Kultureller Völkermord

Gedenkstätte Babyn Jar nach dem Angriff, März 2022; Quelle: mucenicul.worldpress.com
Mittlerweile wissen wir, dass die Gedenkstätte in Babyn Jar nur sehr geringfügig beschädigt wurde. Dies sollte jedoch nicht von der Tatsache ablenken, dass die Nähe der Gedenkstätte die russischen Streitkräfte nicht an einem Raketenangriff hinderte, der vermutlich dem nahestehenden Fernsehturm galt. Die größere Bedeutung des vermuteten Raketenangriffs geht allerdings über die Frage hinaus, was das eigentliche Ziel dieses Angriffs war.

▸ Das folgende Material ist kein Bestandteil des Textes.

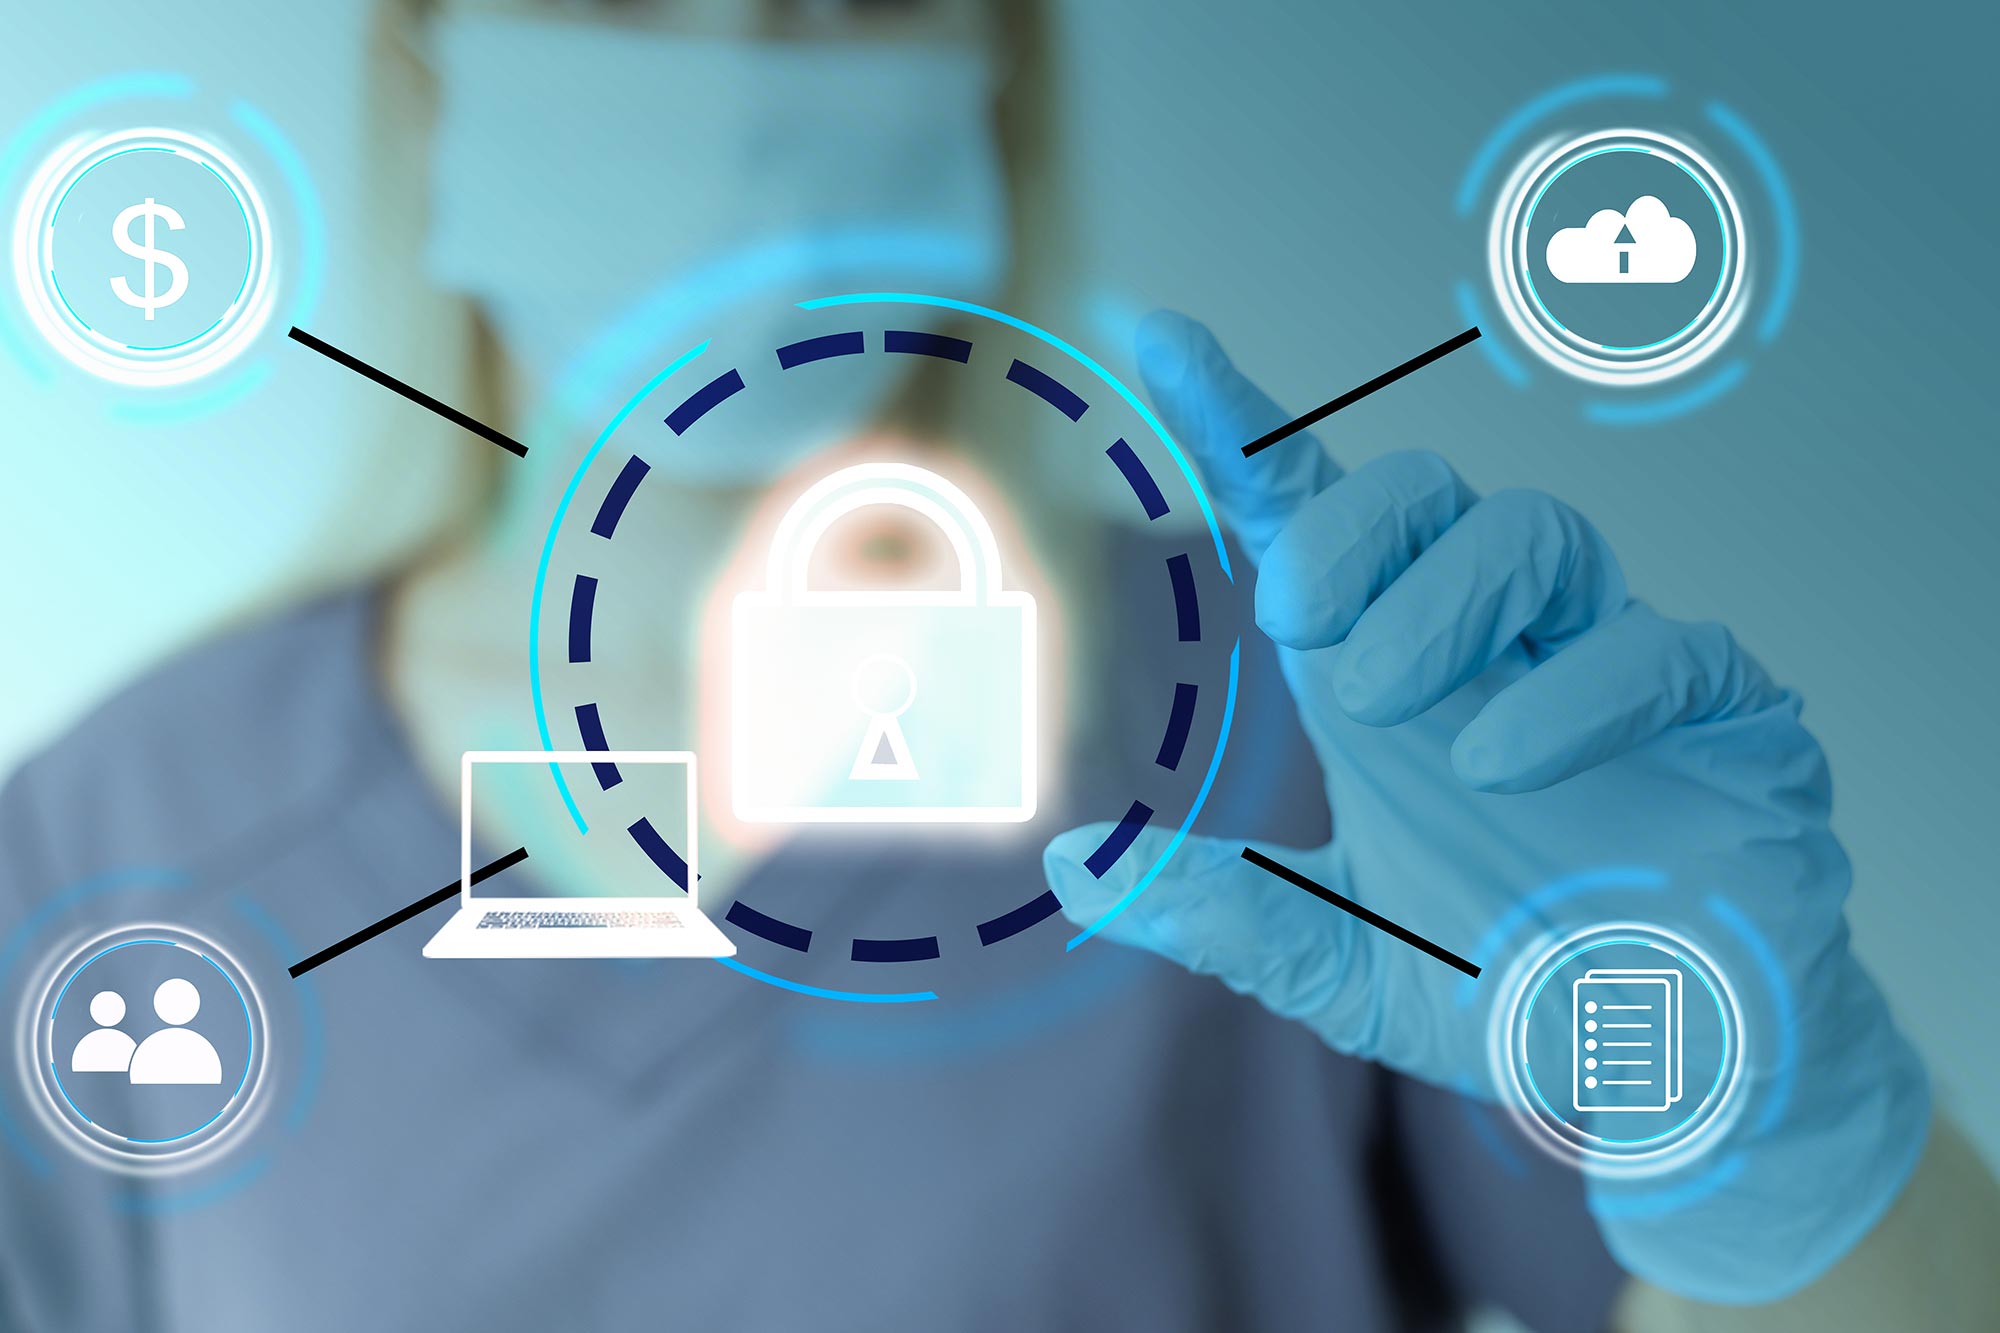 The urgent need for effective cybersecurity in healthcare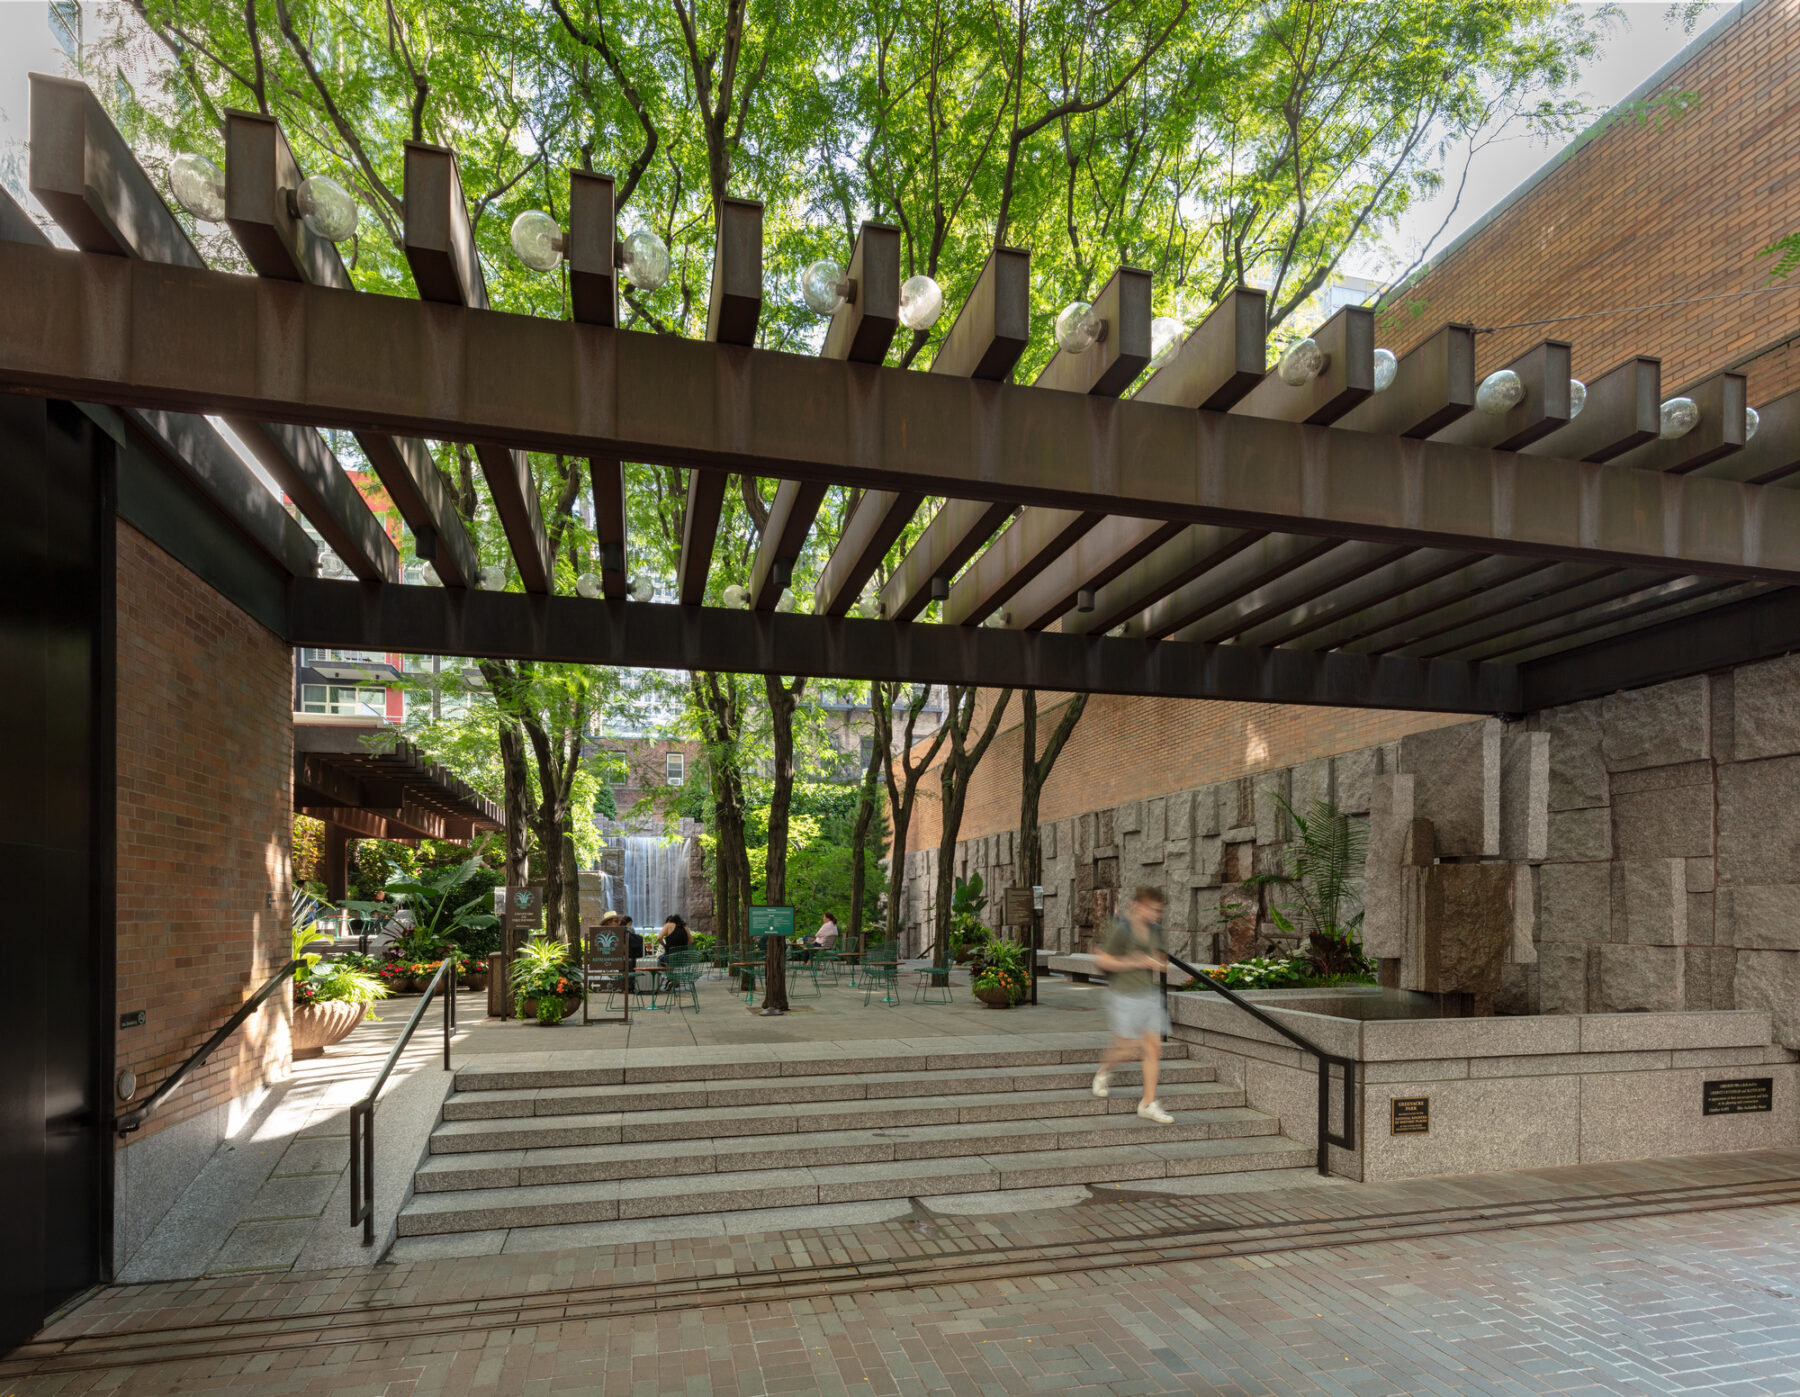 Photo with street view of the park entry, framed by overhanging trellis with trees growing behind and above and visitors walking in and out of the entry stairs.

Im Anschluss an die Berichte verschärfte sich der Krieg der Worte zwischen der Ukraine und Russland zu einem Streit um die Kernfrage des Antisemitismus und eines möglichen Völkermords, wobei Selenskyi – vielleicht in einer ironischen Wendung – versuchte, genau die „kosmopolitische“ Moral anzuwenden, die mit der westlichen Erinnerung an den Holocaust in Verbindung gebracht wird. Er beschwor die Erinnerung an den Holocaust herauf, um ein größeres Bewusstsein für Menschenrechtsverletzungen im Rahmen des russischen Angriffs auf die Ukraine zu schaffen. Dies ist jedoch mehr als nur ein Krieg der Worte, denn die Befürchtungen, dass Putin versuchen könnte, die Ukraine von der Landkarte zu tilgen, sind nicht unbegründet. Putin hat die Existenz einer ukrainischen Identität nie anerkannt. Da er sie mit Faschismus, Verwestlichung, Korruption und Liberalismus in Verbindung bringt, ist zu befürchten, dass jeder Versuch, eine russifizierte Ukraine zu schaffen, mit Repressionen großen Ausmaßes verbunden sein wird. Zumindest ein kultureller Völkermord ist eine reale Möglichkeit.
Übersetzung: Svenja Goltermann und Philipp Sarasin. Eine kürzere Fassung des Artikels erschien am 3. März 2022 in The Conversation.